Частенько в карманах вещей находились записки от людей, присылавших помощь. Так нашлась записка от старенькой бабушки, она писала, что помогает, чем может, что крымчанам надо держаться и не расклеиваться, потому что вся Россия с ними. В бескрайнем поле пожертвованной одежды становилось абсолютно ясно, что, да, вся Россия думает о Крымске.
Я не помню, кто стал рассказывать про гуманитарку: как её задерживают под разнообразными предлогами, как она оседает в руках бизнесменов, и что кто-то очень сильно на этом наживается. Я не знаю, правда это или нет, но там, в Крымске очень легко в это верилось — я своими глазами видела измученных людей, просивших хотя бы питьевой воды. Эти люди требовали отставки мэра и губернатора и называли их ворами. Многие из них писали письма в администрацию президента, надеясь на помощь доброго батюшки-царя. Другие же понимали, почему губернатор работает до сих пор, и молчали, потому что в ином случае лишились бы и той минимальной денежной поддержки, которую им обещало государство.
Через несколько часов меня поймала начальник лагеря Наташа и спросила, что я делаю. Я честно ответила, что помогаю вывозить гуманитарку. Она заявила, что это не нашего лагеря дело и сейчас она придумает мне работу. Постояла минуту и исчезла. Я пожала плечами и вернулась к погрузке одежды.
Жара не унималась. Мне к тому времени тоже напекло, но в прямом смысле, и я, наплевав на мужские страдания, обрядилась в шорты и лифчик от купальника.
На выходе из палатки встретила улыбающегося Диму.

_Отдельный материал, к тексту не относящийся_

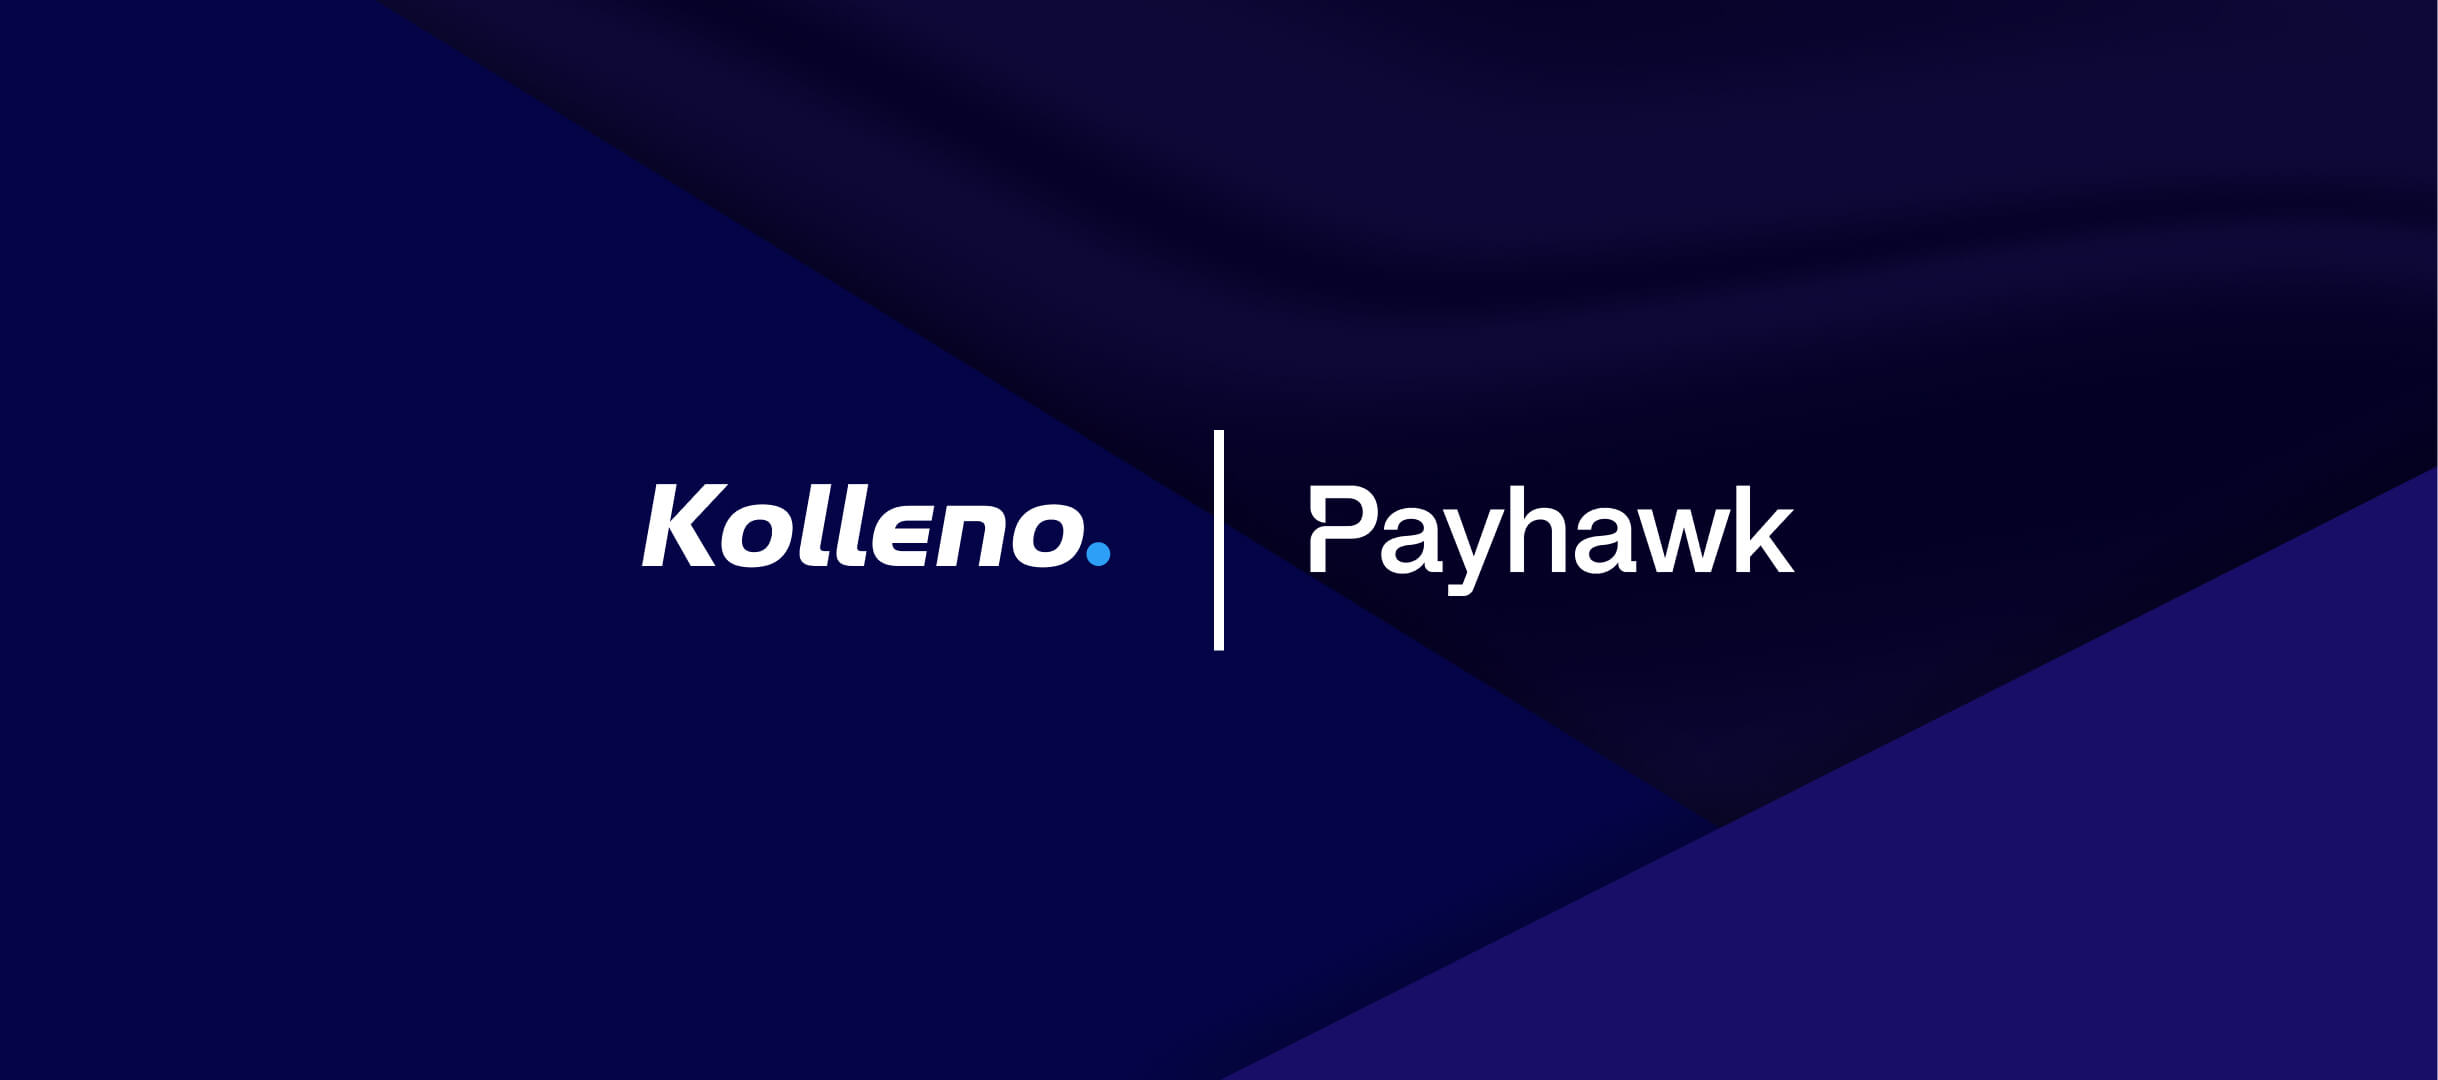 Kolleno partners with Payhawk to improve financial control and visibility

— А я никак не рассмотрю, в какую палатку мне ночью лезть?
— А ты, — отвечаю, — сначала костылями потыкай.
После гуманитарки верхнего лагеря я перешла на гуманитарку нижнего. Работала на этом объекте Стелла, она собирала заказы, формировала наборы (бельё, одеяла, кастрюли, бытовая химия, детское питание) и развозила помощь по адресам.
— Смотри, тут три маленьких ребёнка. Им нужно вообще всё, у них ничего не осталось, — сказала Стелла. — Накладывай всего, а детского питания — побольше. В той палатке химия, в той бельё и одеяла, в той кастрюли и сухие смеси, в общем, это несложно.
Вскоре машина местного волонтёра Андрюхи забита под завязку полными мешками. Вместо перекура иду мыть посуду.
— Поедешь с нами развозить? — спросила Стелла через некоторое время.
Улыбчивый Дима пытался пристроить меня на кухню — варить ужин, а я отбивалась, как могла. К тому времени мне хватало пяти помидоров в день, от жары тошнило, и представить себя на кухне я не могла никак. Но под синим взглядом Димы моя упёртость таяла и становилась жалкой лужицей. Поэтому я спешно домыла посуду и ответила:
— Поеду!
В тот день впервые я оценила масштаб трагедии. К одному из нужных адресов мы пробирались по гравийке вдоль реки. Русло Адагума я видела и до того — в разных частях города. Кое-где оно было обильно завалено деревцами, прочно поросло кустарником, и было понятно, почему река могла выйти из берегов, кое-где оно уже вовсю чистилось и расширялось экскаваторами.
На повороте в глубь жилой улицы мы остановились.
Речушка еле текла на дне широкого и глубокого русла. Из него высоко торчали погнутые и покорёженные железные опоры пешеходного моста. Сам же мост, удержавшись одним концом за берег, лежал изогнутый на противоположной стороне реки. Было видно, что его, как шнурок, долго телепало водой.
Из ближайшего дома выскочили мальчишки, за ними — женщина лет сорока пяти. Стелла бросилась её распрашивать.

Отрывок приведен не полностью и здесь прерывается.